Error semantics are different. A Turbo Lane failure is synchronous: the HTTP request returns an error and the user retries. A Goal Lane failure is asynchronous: the job is in-flight, may be partially complete, has a checkpoint that could be restored, and has already been paid for. Recovery paths are fundamentally different.

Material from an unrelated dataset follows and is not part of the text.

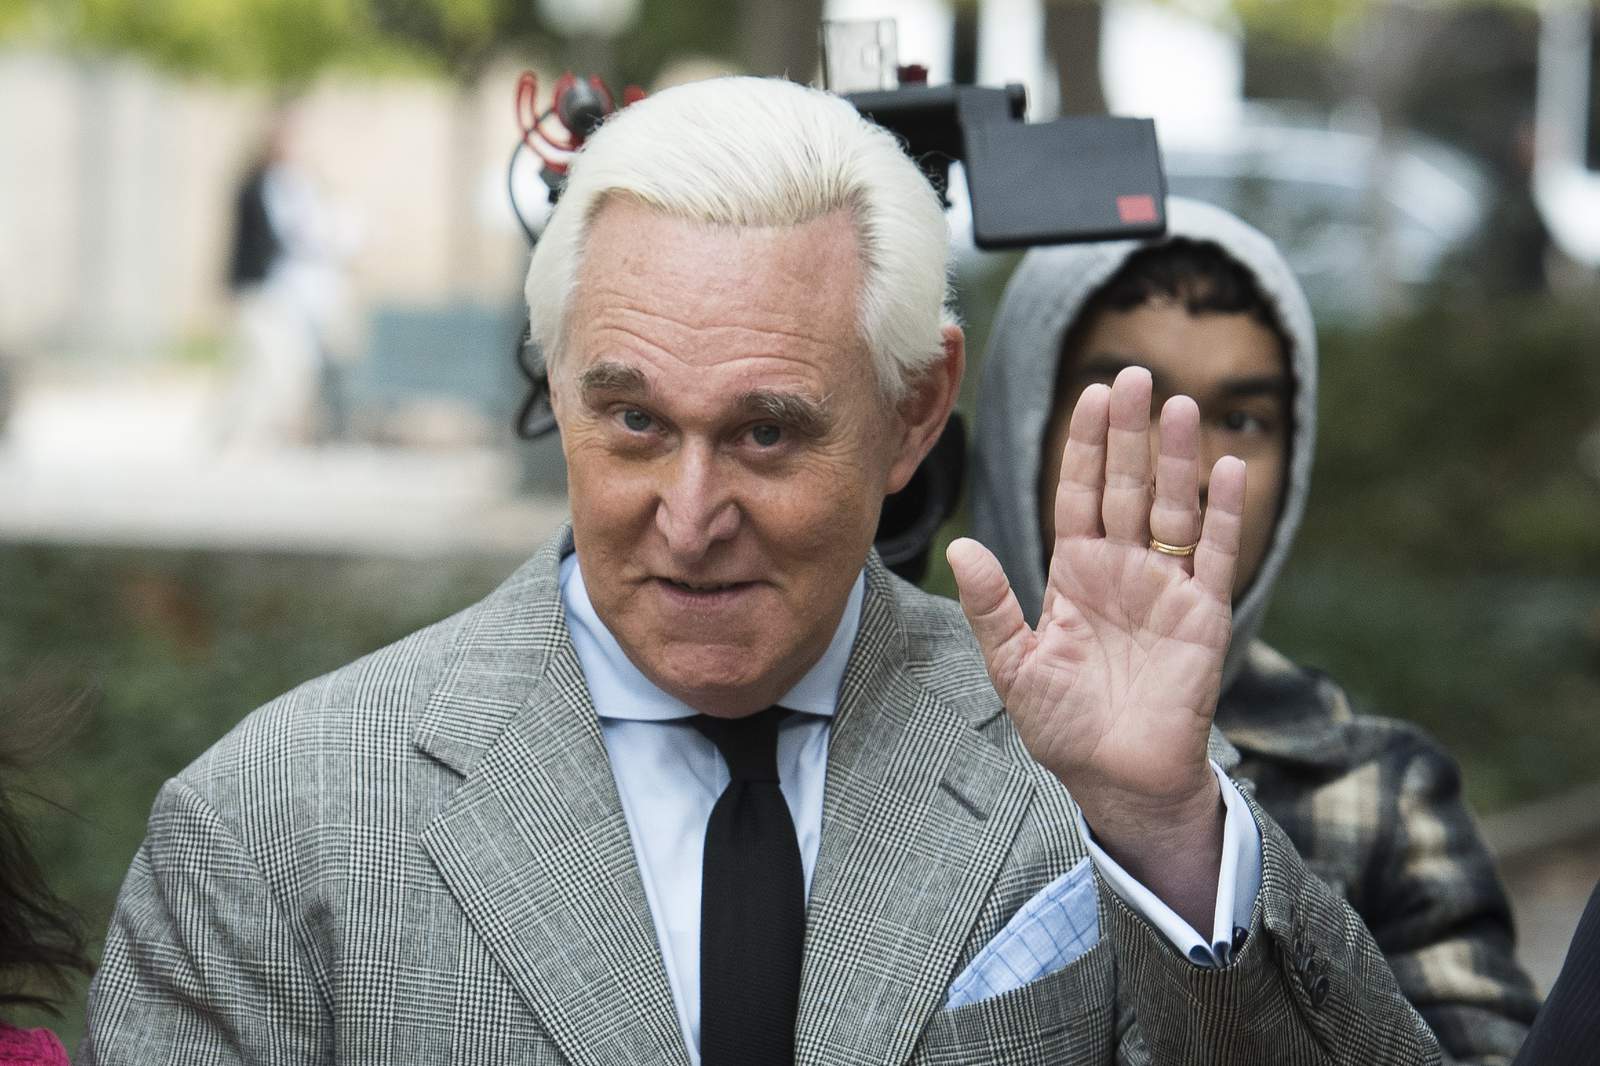 Facebook takes down accounts tied to Roger Stone

Cost models are different. Turbo Lane has near-zero marginal cost per conversion. Goal Lane has real LLM inference cost per workflow. Mixing them in a single billing and quota system would make both harder to price correctly.

The Shared Boundary

Despite being separate systems, Turbo Lane and Goal Lane share a common object storage backend and job tracking model. A Goal Lane workflow can invoke Turbo Lane processors as steps — for example, converting an LLM-generated DOCX to PDF as the final artifact.

Goal Lane Workflow
  ├── Phase 1: Extract resume content (MCP tool)
  ├── Phase 2: Tailor resume text (LLM)
  ├── Phase 3: Generate DOCX artifact (MCP tool)
  └── Phase 4: Convert DOCX → PDF (Turbo Lane processor)
                         ↑
              Reuses existing processor registry

The boundary is: Goal Lane can call Turbo Lane as a library. Turbo Lane never calls Goal Lane. Dependency is one-directional.

What This Enabled

The two-lane split made it possible to evolve each system independently. Turbo Lane received support for 280+ formats across six months while Goal Lane was being built. Goal Lane's agent architecture went through three major revisions — conversation history restoration, token budget scaling, universal prompt templating — without touching a line of Turbo Lane code.

The cost of separation is duplication: two job models, two progress tracking systems, two API surfaces. But in systems where the workloads are fundamentally different, the cost of conflation is higher.